Cell death is an essential biological process that plays an active role both during human embryonic development and in the onset of various diseases. Every day, about 100 billion cells die in the human body, which is equivalent to 75 kg of body mass per year and can be compared with the average weight of a human. However, the development of many diseases is associated with an imbalance between cells’ death and their survival. Cancer is one of them. It is important to note that the development of cancer cells’ resistance to cell death is directly related to the ineffectiveness of anticancer therapy. Initially, it has been thought that chemo- and radiotherapies induce apoptotic cell death. However, during anticancer therapy, tumor cells acquire mutations that make cancer cells resistant to apoptosis, a type of cell death most often triggered by modern chemo and radiotherapy. This leads to a decrease in the effectiveness of treatment and the progression of cancer. In this case, it is essential to use new treatment methods aimed at inducing alternative types of regulated cell death. Here in the role of ferroptotic cell death (i.e., ferroptosis) becomes crucial.
Aim of the study
The concept of immunogenicity of cell death states that dead/dying cancer cells must induce a specific antitumor immunity; thus, they become immunogenic. Cancer cells undergoing immunogenic cell death trigger the patients’ immune system.
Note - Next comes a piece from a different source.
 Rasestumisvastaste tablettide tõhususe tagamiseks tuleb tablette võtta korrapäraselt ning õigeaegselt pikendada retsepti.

Therefore, in addition to just a simple killing of the cancer cells, induction of the immunogenic cell death can effectively induce antitumor immunity activation, leading to tumor eradication and generation of long-term immunity.
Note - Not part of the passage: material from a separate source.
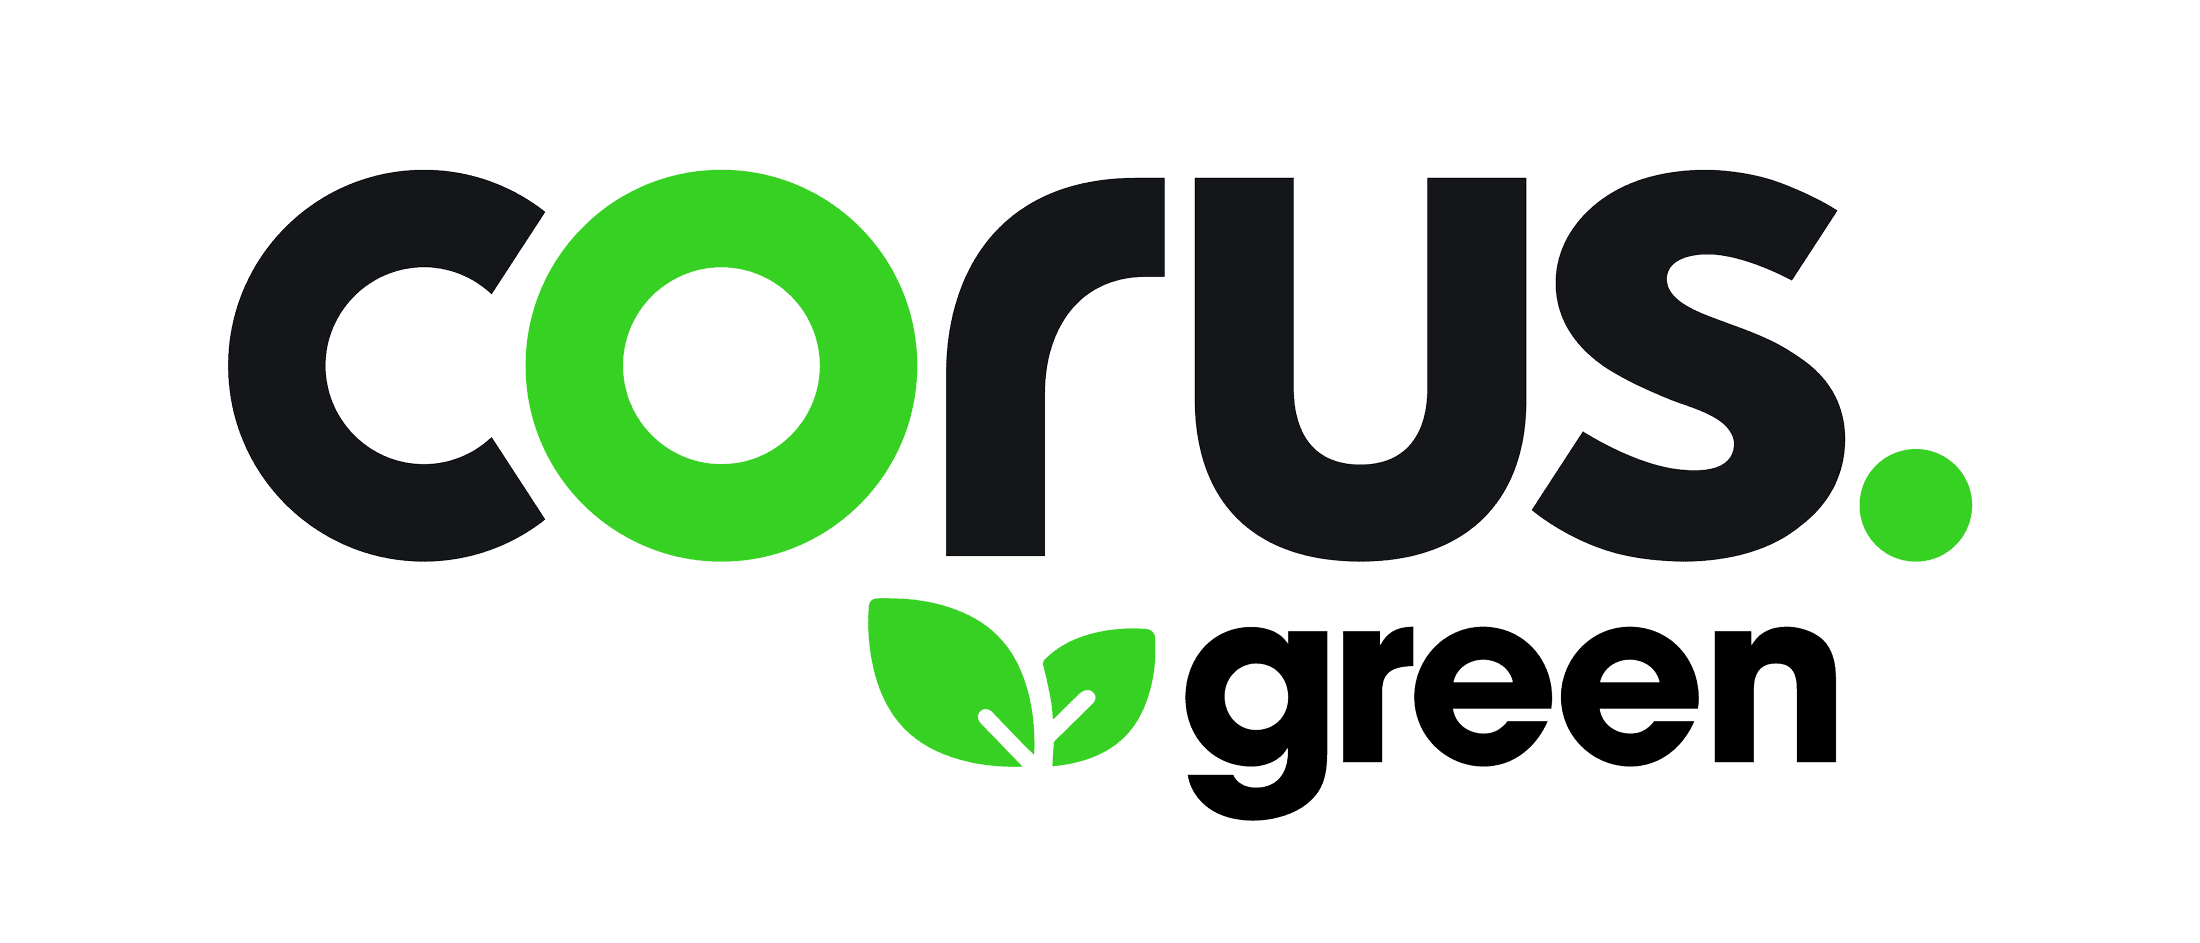 Corus Green logo

Ferroptotic cell death was discovered in 2012, which is different from other best-characterized types of regulated cell death, such as apoptosis and necroptosis. Ferroptosis is initiated by the antioxidant defense mechanisms’ failure, resulting in damaging lipid peroxidation and eventual cell death. Ferroptosis is usually accompanied by a large amount of iron accumulation and lipid peroxidation. In other words, ferroptosis is the biological rust of lipid membranes. Thus, the launch of ferroptosis may help overcome cell death resistance and increase antitumor therapy effectiveness. But until very recently, it was not known whether ferroptotic cancer cells are immunogenic or, in other words, whether ferroptotic cancer cells can induce efficient anticancer immune responses.
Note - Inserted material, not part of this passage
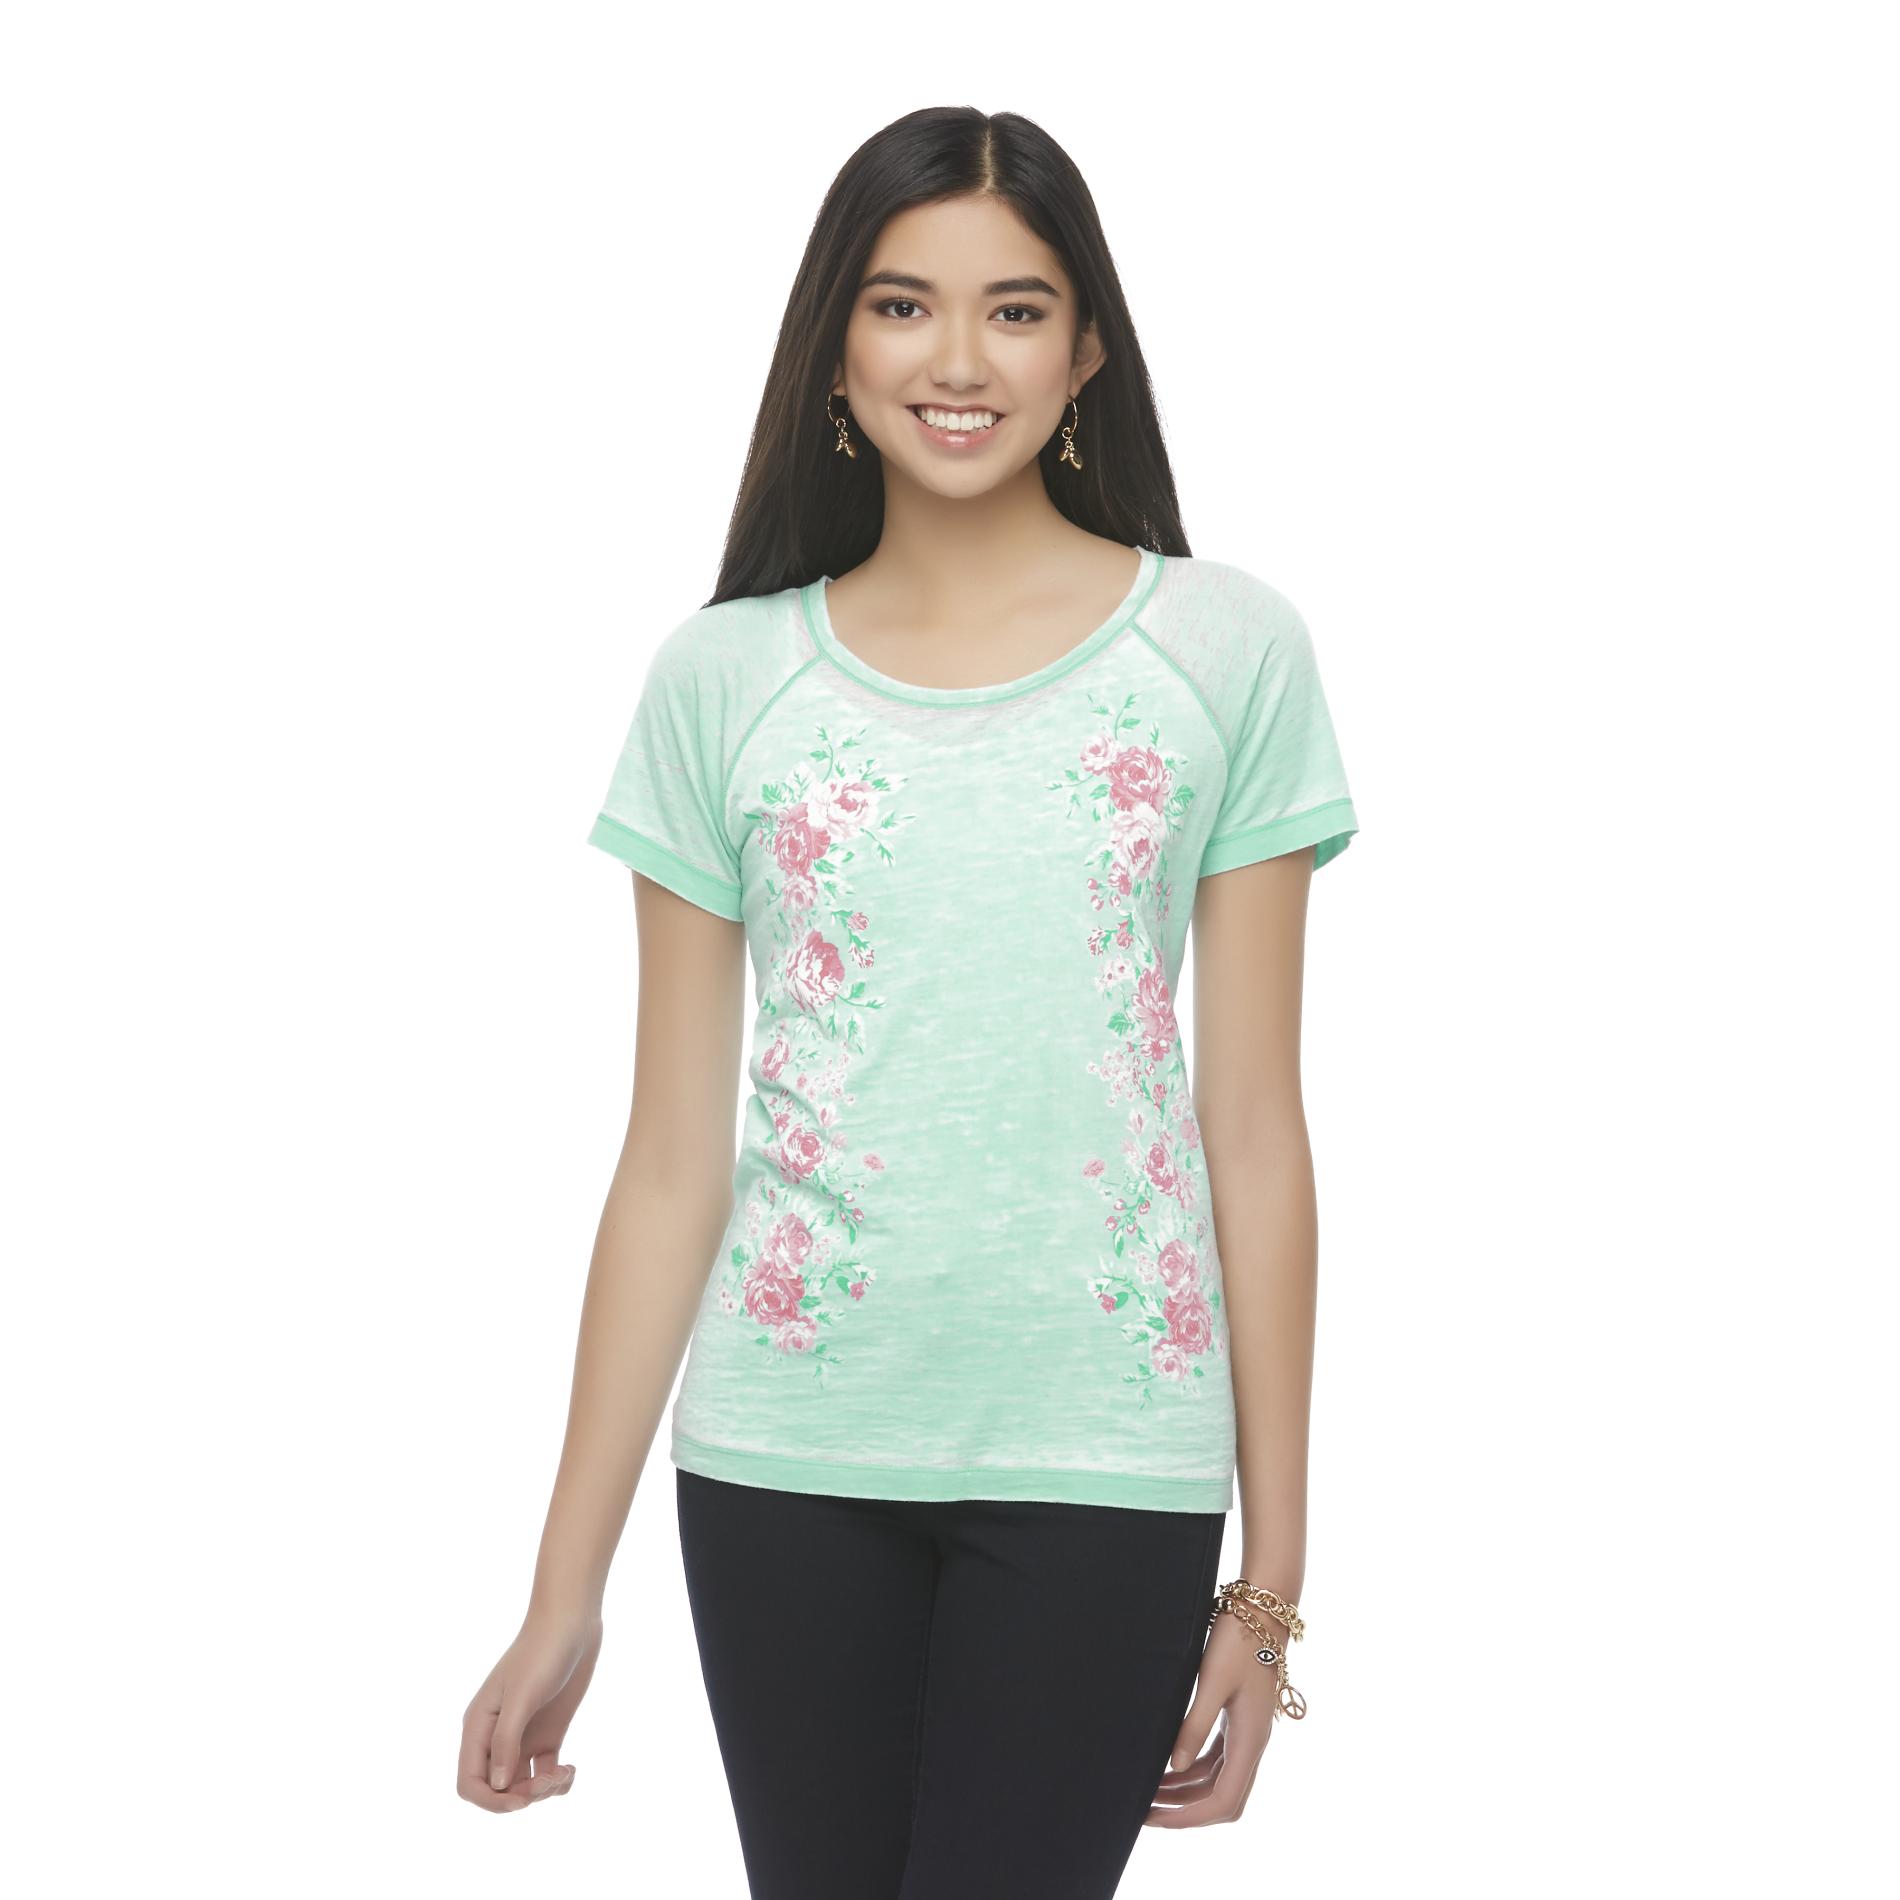 Joe Boxer Juniors Burnout Graphic T-Shirt - Floral Print

The research at “Cell Death Investigation and Therapy Laboratory (CDIT)” at Ghent University in Belgium led by Prof. Dr. Dmitri V. Krysko addressed this question. The interdisciplinary team of scientists from three different countries (Belgium, Italy, and Russia) under the leadership of Prof. Dr. Dmitri Krysko (Ghent University, Belgium) investigated the immunogenicity of ferroptotic cancer cells and has shown for the first time that ferroptotic cancer cells are immunogenic. Scientists have discovered that cancer cells undergoing ferroptosis release several immune-stimulatory molecules such as ATP and HMGB1, contributing to the immune system’s activation leading to the induction of strong antitumor immunity. Notably, it is known that not every anticancer therapeutic modality is capable of inducing immunogenic cell death.
Prof. Krysko: “The immunogenicity of early ferroptotic cancel cells has been shown in several in vitro models and in tumor mice models in vivo. The stage of cell death is everything, and it dictates immunogenicity in the case of ferroptosis. Only ferroptotic cancer cells that are at the early stages of cell death process are immunogenic.”
Moreover, the team of Prof. Dmitri V. Krysko (Iuliia Efimova, Dr. Elena Catanzaro, Louis Van der Meeren, Prof. Dr. André G. Skirtach, Dr. Olga Krysko) discovered the detrimental role of the adaptive immune system in the immunogenicity of early ferroptotic cancer cells. This is a very new concept that points out that the stage of cell death very strictly regulates cell death’s immunogenicity.
Thus, the launch of immunogenic ferroptosis may help overcome cell death resistance and increase antitumor therapy’s effectiveness. This work demonstrated for the first time that cancer cells that die by immunogenic ferroptosis emit immune-stimulatory signals through which they interact with the cells of the immune system, which results in the stimulation of an antitumor immune response. This indicates the immunogenic nature of ferroptotic cell death and leads to the immune system’s involvement in the fight against the tumor.
Prof. Dmitri V. Krysko: “This is fundamental research. So, we are still a long way from clinical practice. But our results already suggest that immunogenic ferroptosis can help overcome resistance to cell death and increase the effectiveness of cancer therapy.”
Of course, more fundamental research is needed, including studies on different animal models. This breakthrough work showed for the first time that cancer cells dying from ferroptosis stimulate the immune system, involving the immune system in the fight against the tumor. These results pave the way for the development of new therapeutic strategies for cancers based on induction of ferroptosis, and thus broadens the current concept of immunogenic cell death and opens the door for the development of new strategies in cancer immunotherapy.